Directions for this task: Would you output all the lines below precisely as they stand, leaving each picture out?

Data shown:

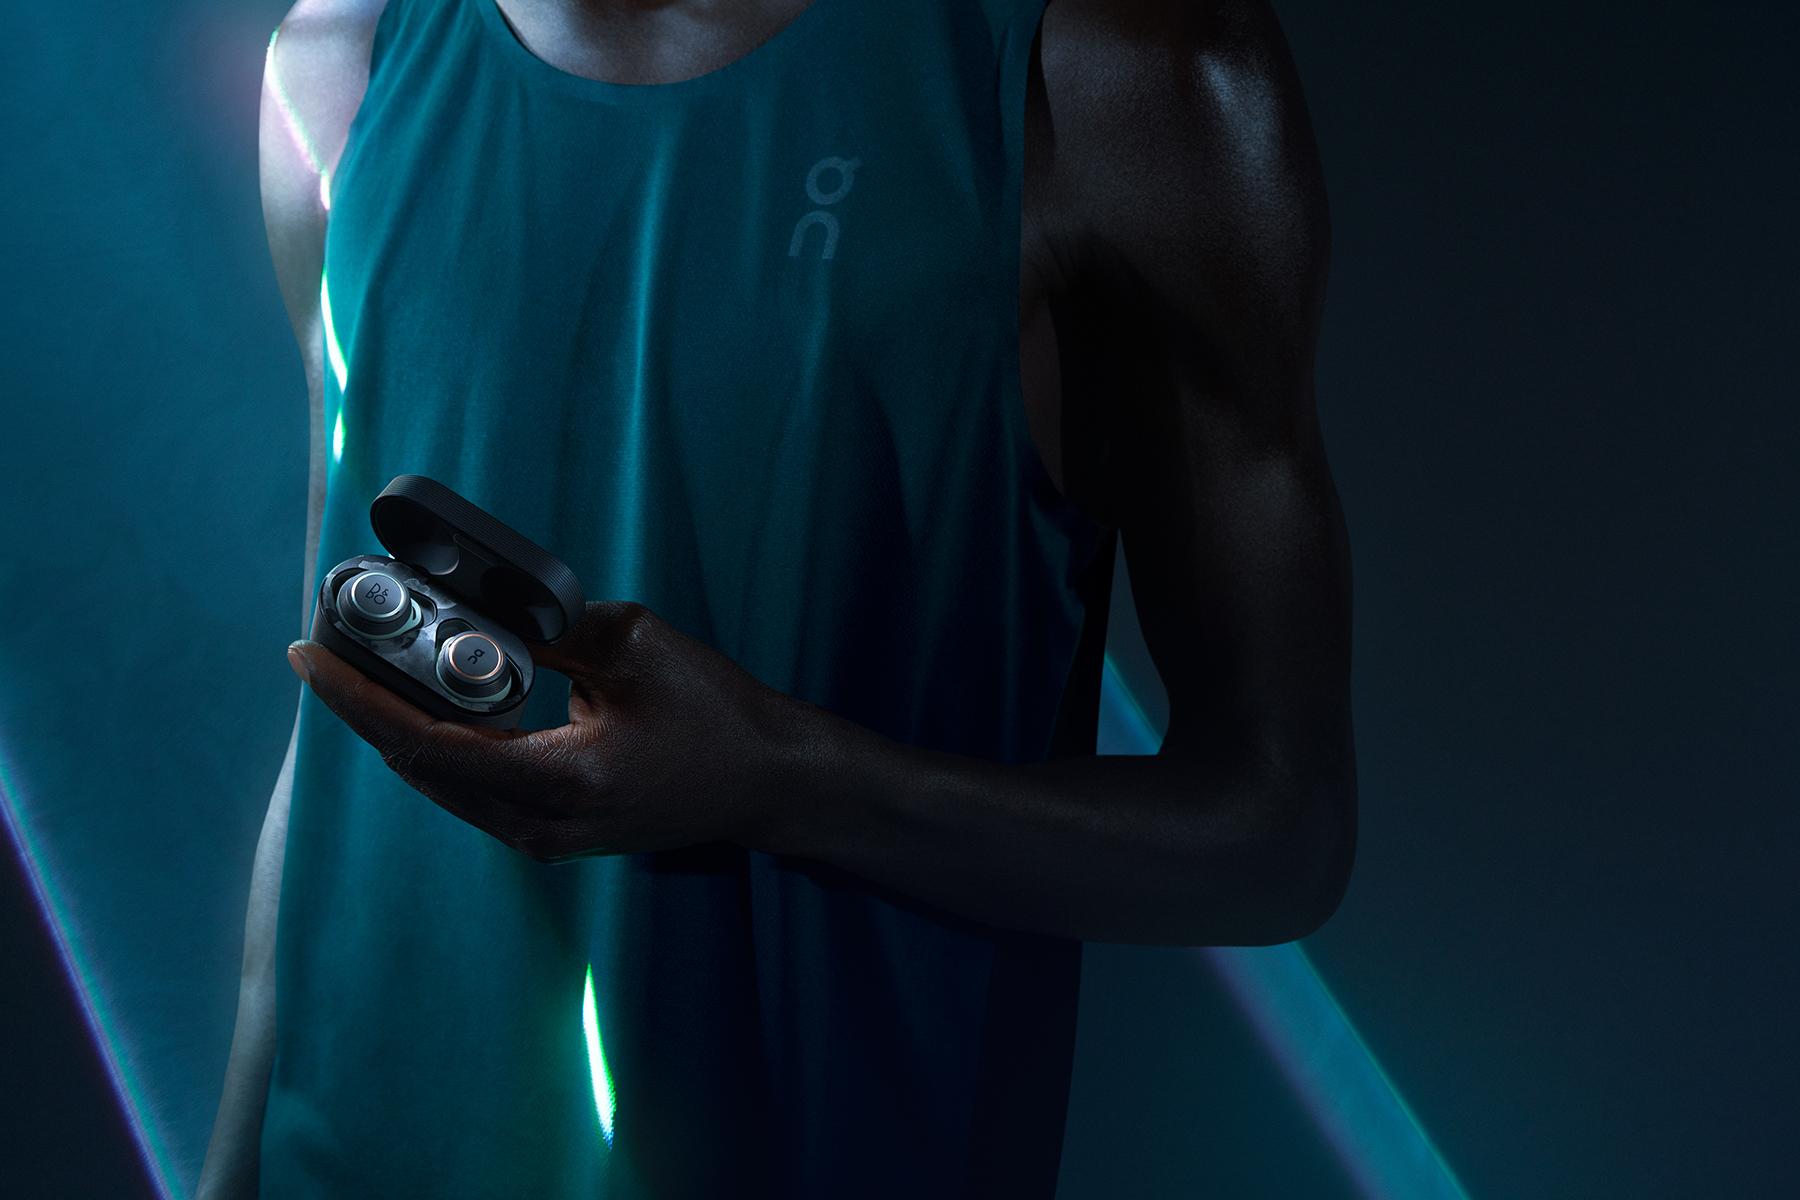 runners-lab-bang-olufsen-e8-sport
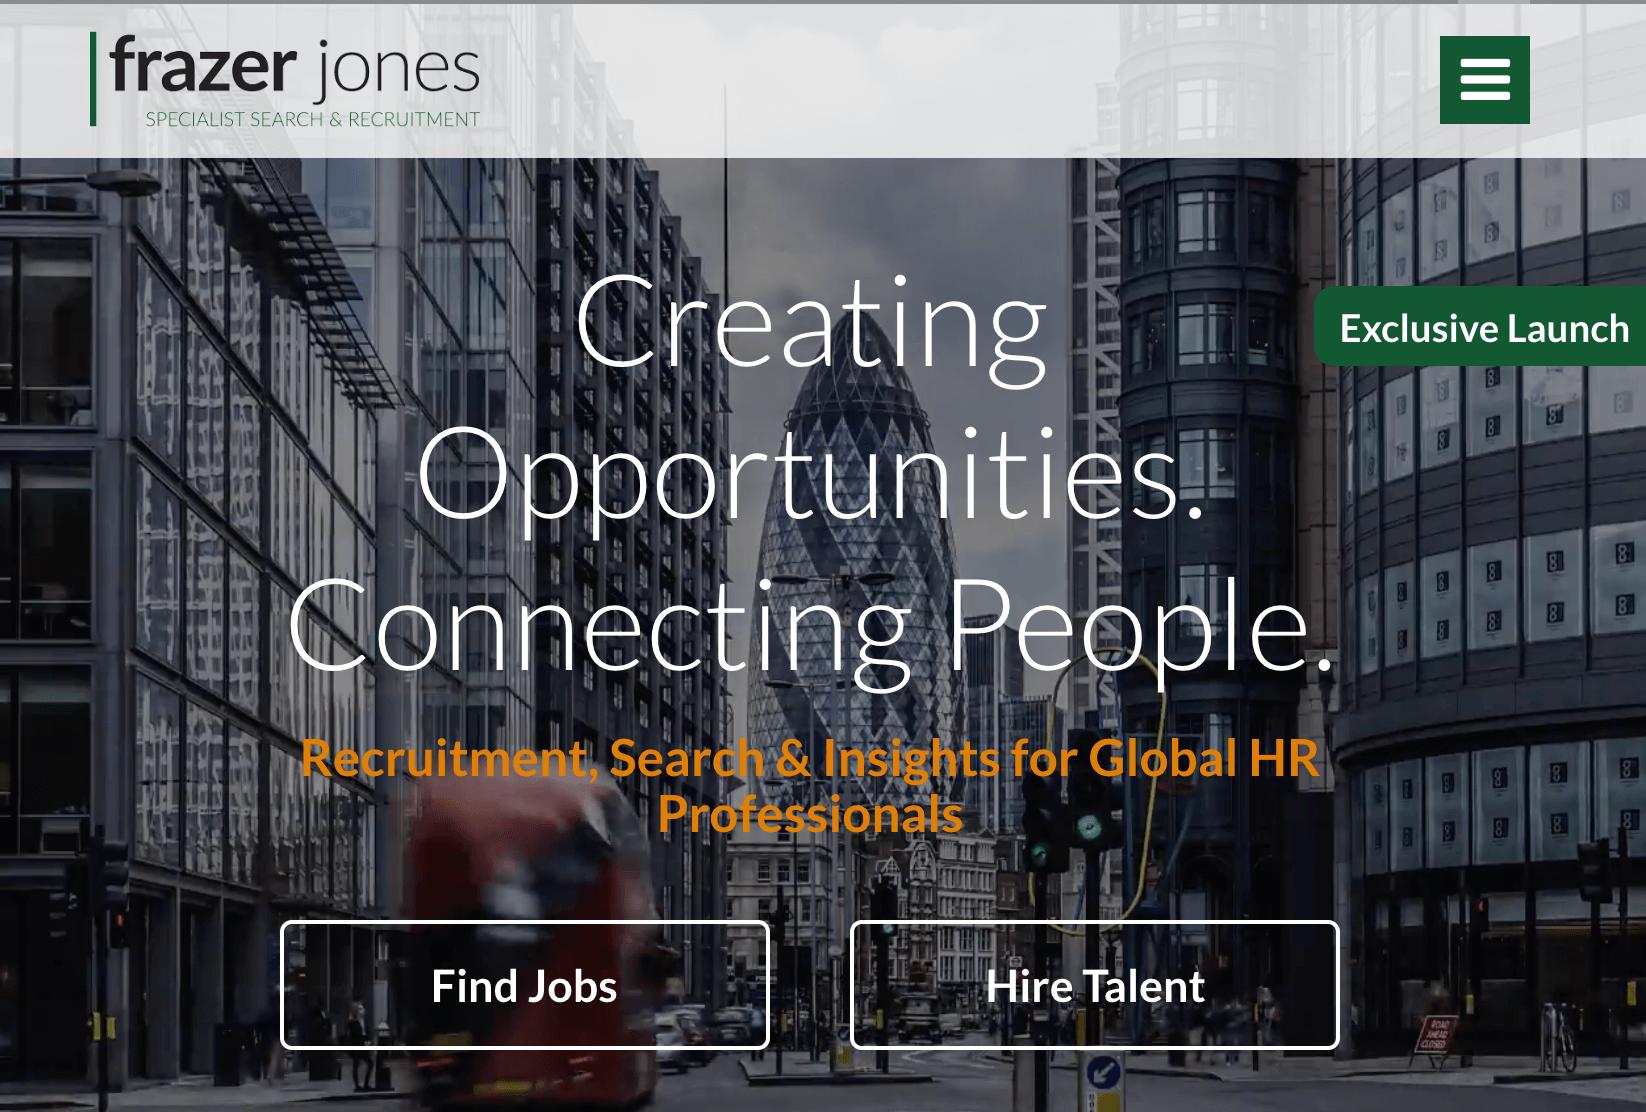 frazer jones job agencies singapore
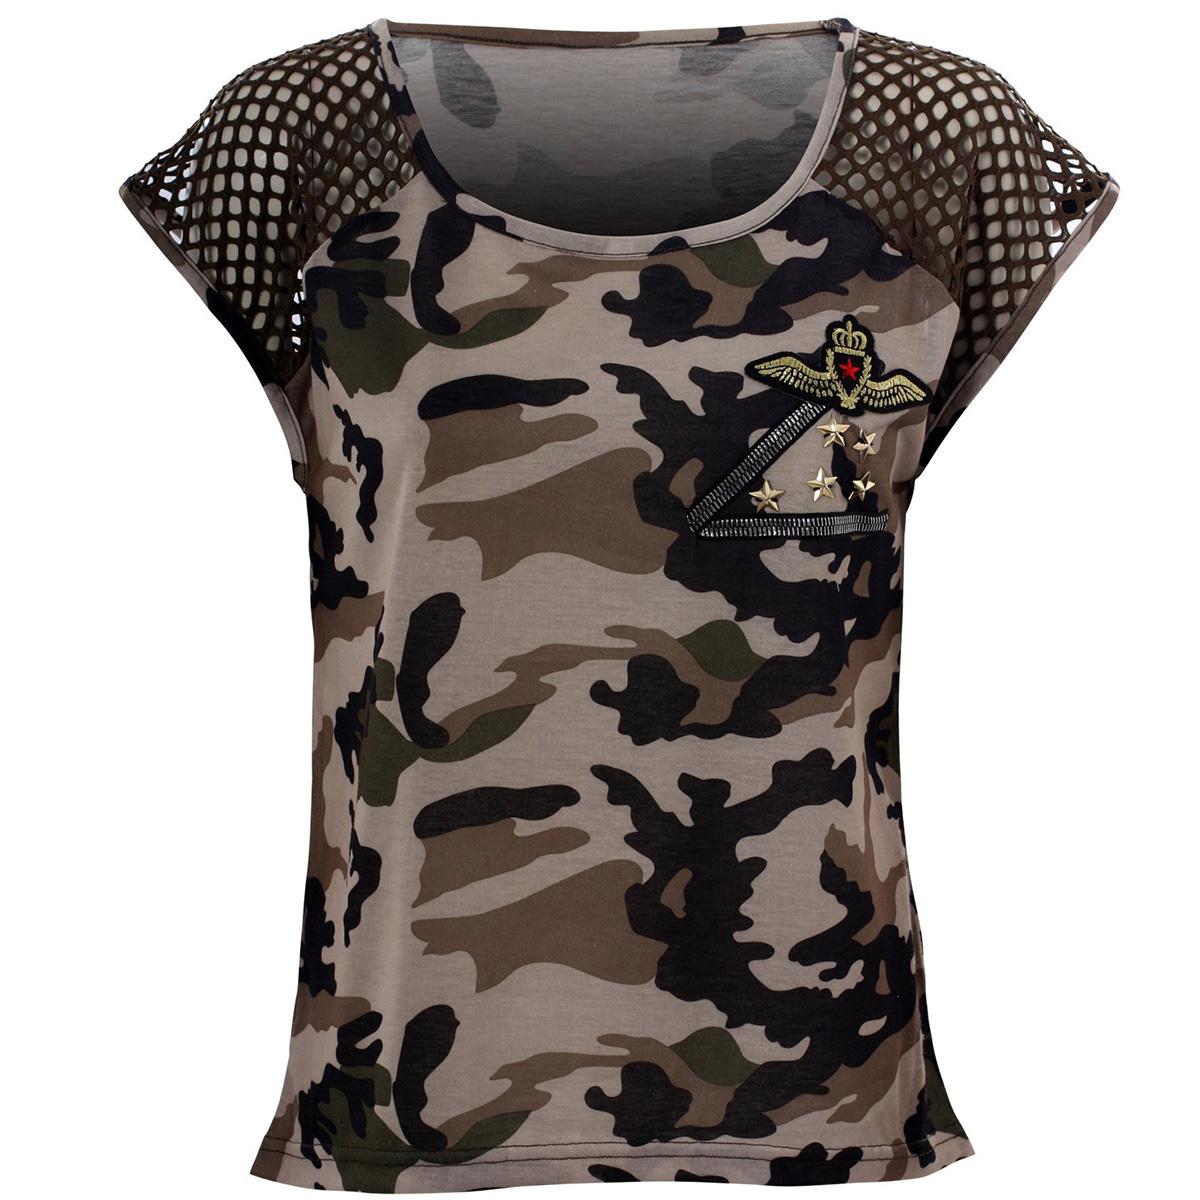 eve damen shirt mit netz camouflage t shirt top oberteil nks3169 ebay. Black Bedroom Furniture Sets. Home Design Ideas
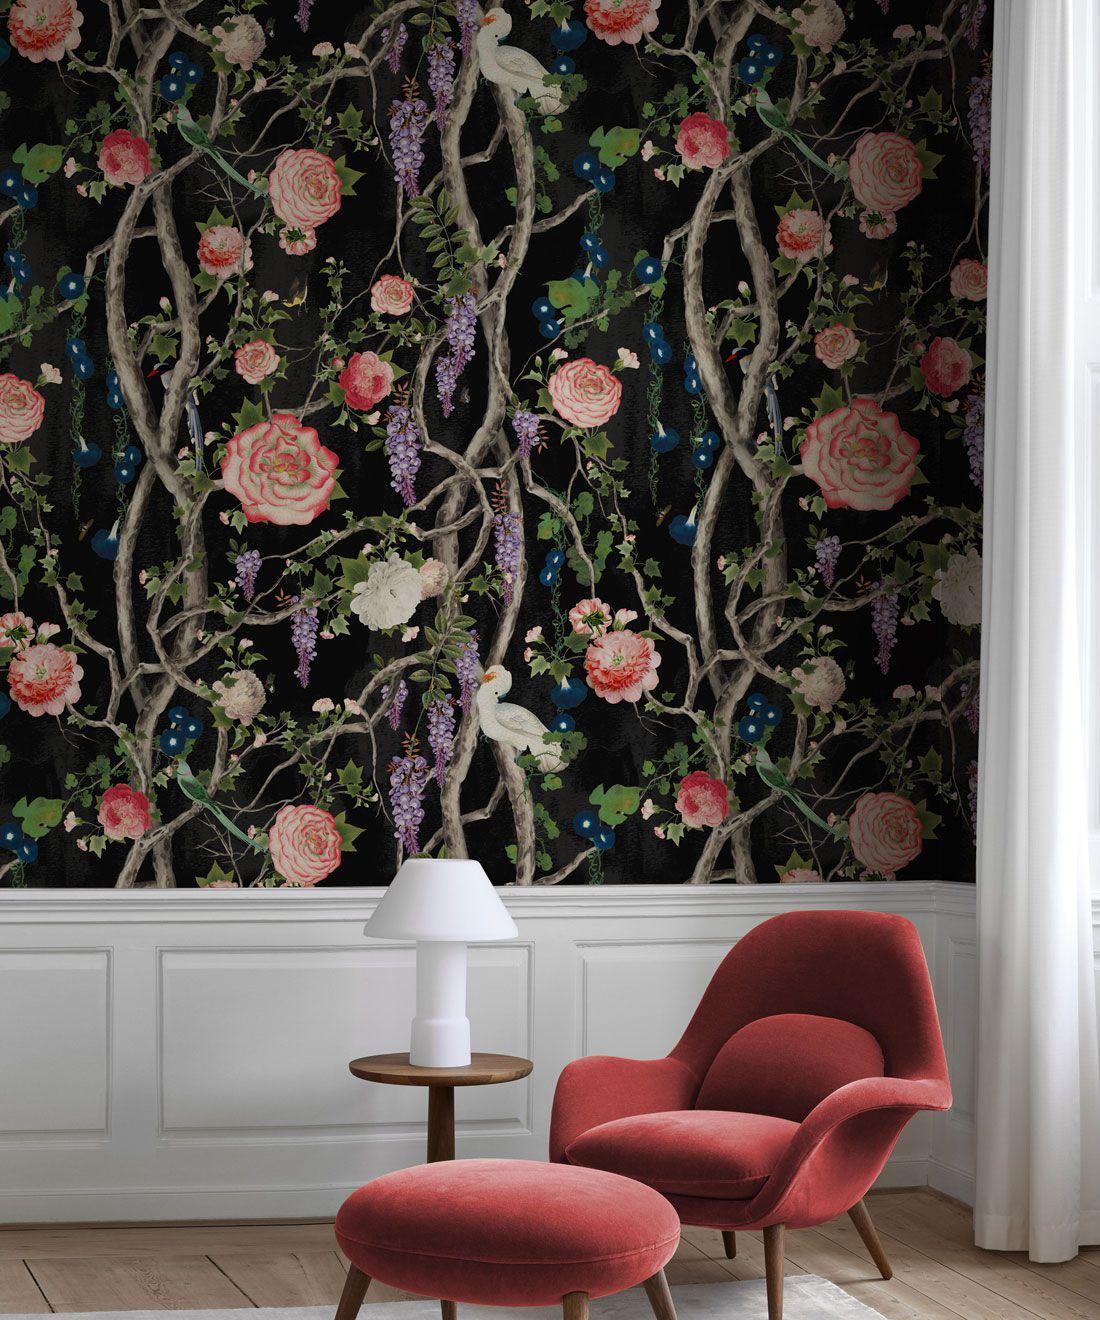 Empress Wallpaper • Romantic Wallpaper • Floral Wallpaper • Chinoiserie Wallpaper • Black Night colour wallpaper insitu

Solution to the exercise:
 runners-lab-bang-olufsen-e8-sport
 frazer jones job agencies singapore
 eve damen shirt mit netz camouflage t shirt top oberteil nks3169 ebay. Black Bedroom Furniture Sets. Home Design Ideas
 Empress Wallpaper • Romantic Wallpaper • Floral Wallpaper • Chinoiserie Wallpaper • Black Night colour wallpaper insitu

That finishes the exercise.